The "painted ladies" are back at Wilton's (and pleasuring "Captain" Macheath in more positions than you can imagine) in Jonathan Miller's wry and raunchy new staging, while Gay's savage satire on private greed and public corruption, the incestuous allying of cops and robbers, big business and petty crime, needs no updating to ring as true in Tony Blair's day as in Walpole's.

Or Disraeli's. For Miller's gone for a Dickensian feel, to match the venue. It's a "poor theatre" staging, as befits a "beggar's opera" (and Broomhill's budget). The set is just a line of wooden doors propped up behind a table, two chairs and two benches. Miller, on top form, coaxes intense, detailed performances from a strong cast, led by Mike Burnside's saturnine Peachum and Michael Feast's erotomaniac Macheath - and the drama never flags in three hours.

Ali McGregor's luscious-toned Polly and Tara Harrison's slightly acid Lucy have the only trained voices, but everyone's words are strong, even when their singing is weak. Composer Jonathan Lloyd's "arrangement" is really a dazzlingly inventive, uproariously funny new score (ably conducted by Charles Hazlewood).

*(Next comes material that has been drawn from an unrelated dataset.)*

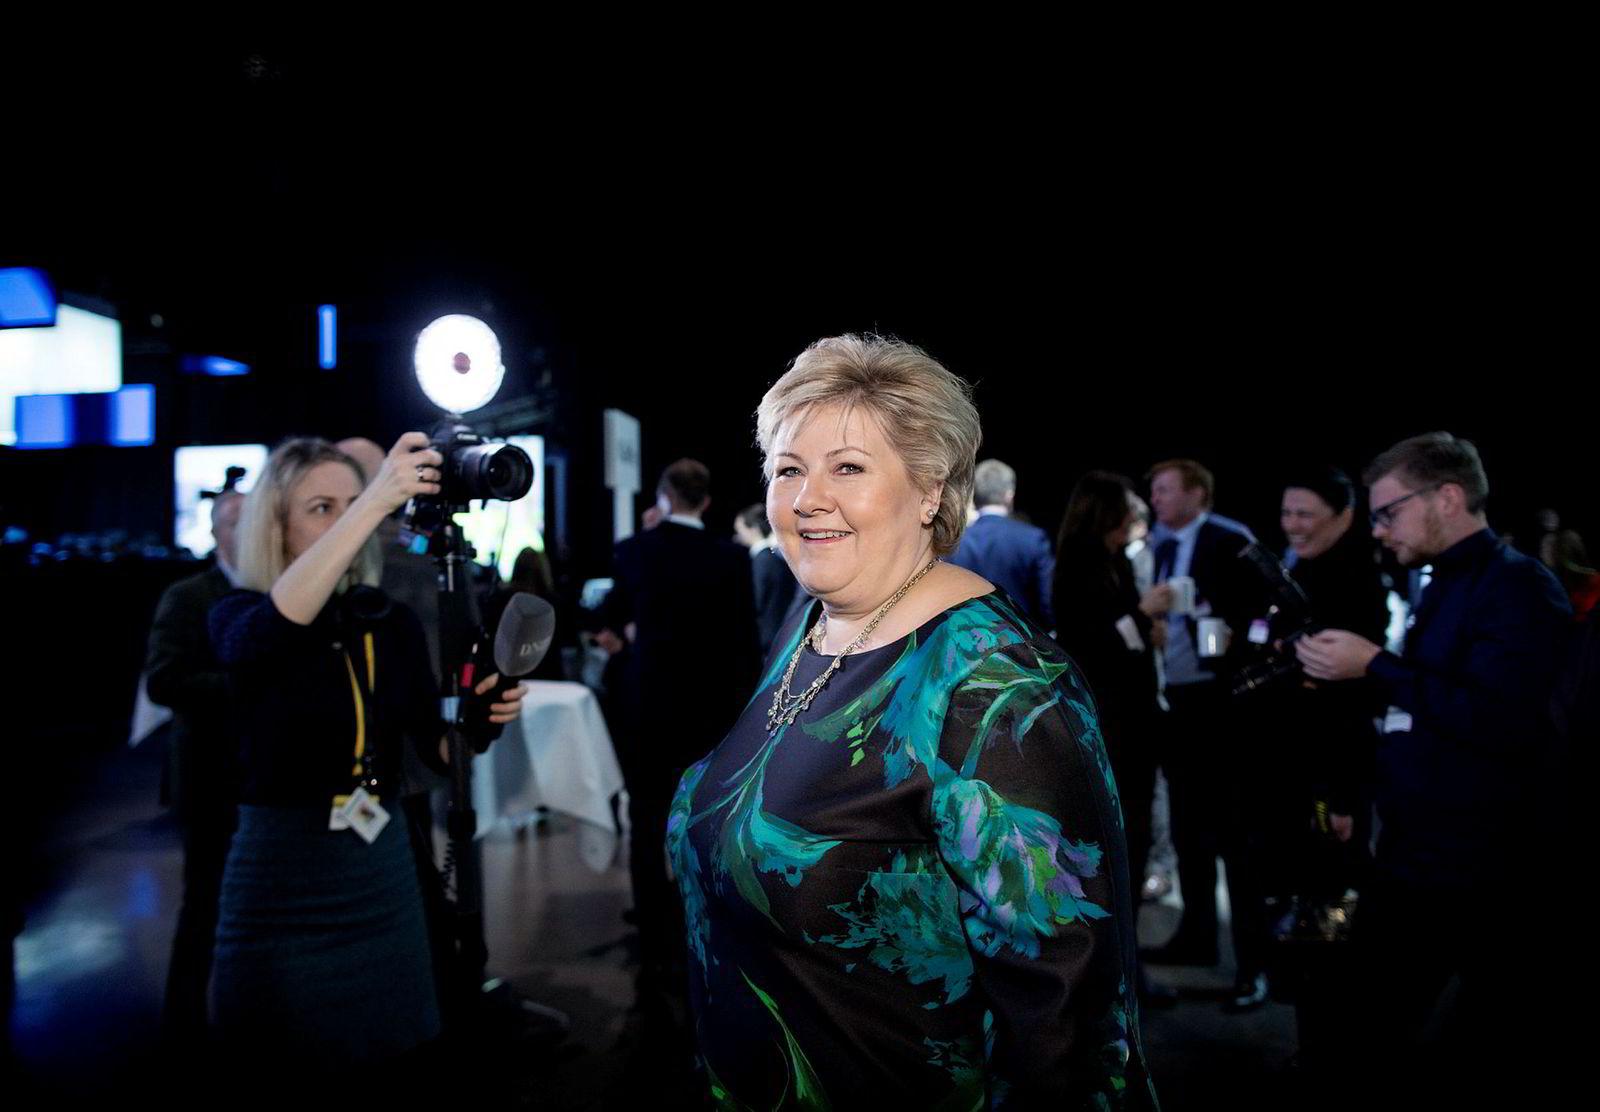 Statsminister Erna Solberg på vei inn til sceneområdet under NHOs årskonferanse i Oslo Spektrum tirsdag.

With only eight players, but unexpected instruments such as accordion, banjo and guitar, as well as swing bass, Lloyd creates a constantly ironic commentary on the action - punctuated by fruity brass raspberries, curious peeps and squeaks, and a recurring glissando that sounds like the equivalent of a Cockney wide-boy's whine - while kaleidoscopically recasting the traditional airs in a dizzying variety of styles (from baroque to bluegrass, C&W to New Orleans, funk to folk) and forms (from ominous underscorings to quirky counterpoints to big concerted choral numbers).

It will be a real crime if Miller and Lloyd's version of The Beggar's Opera isn't filmed or recorded now.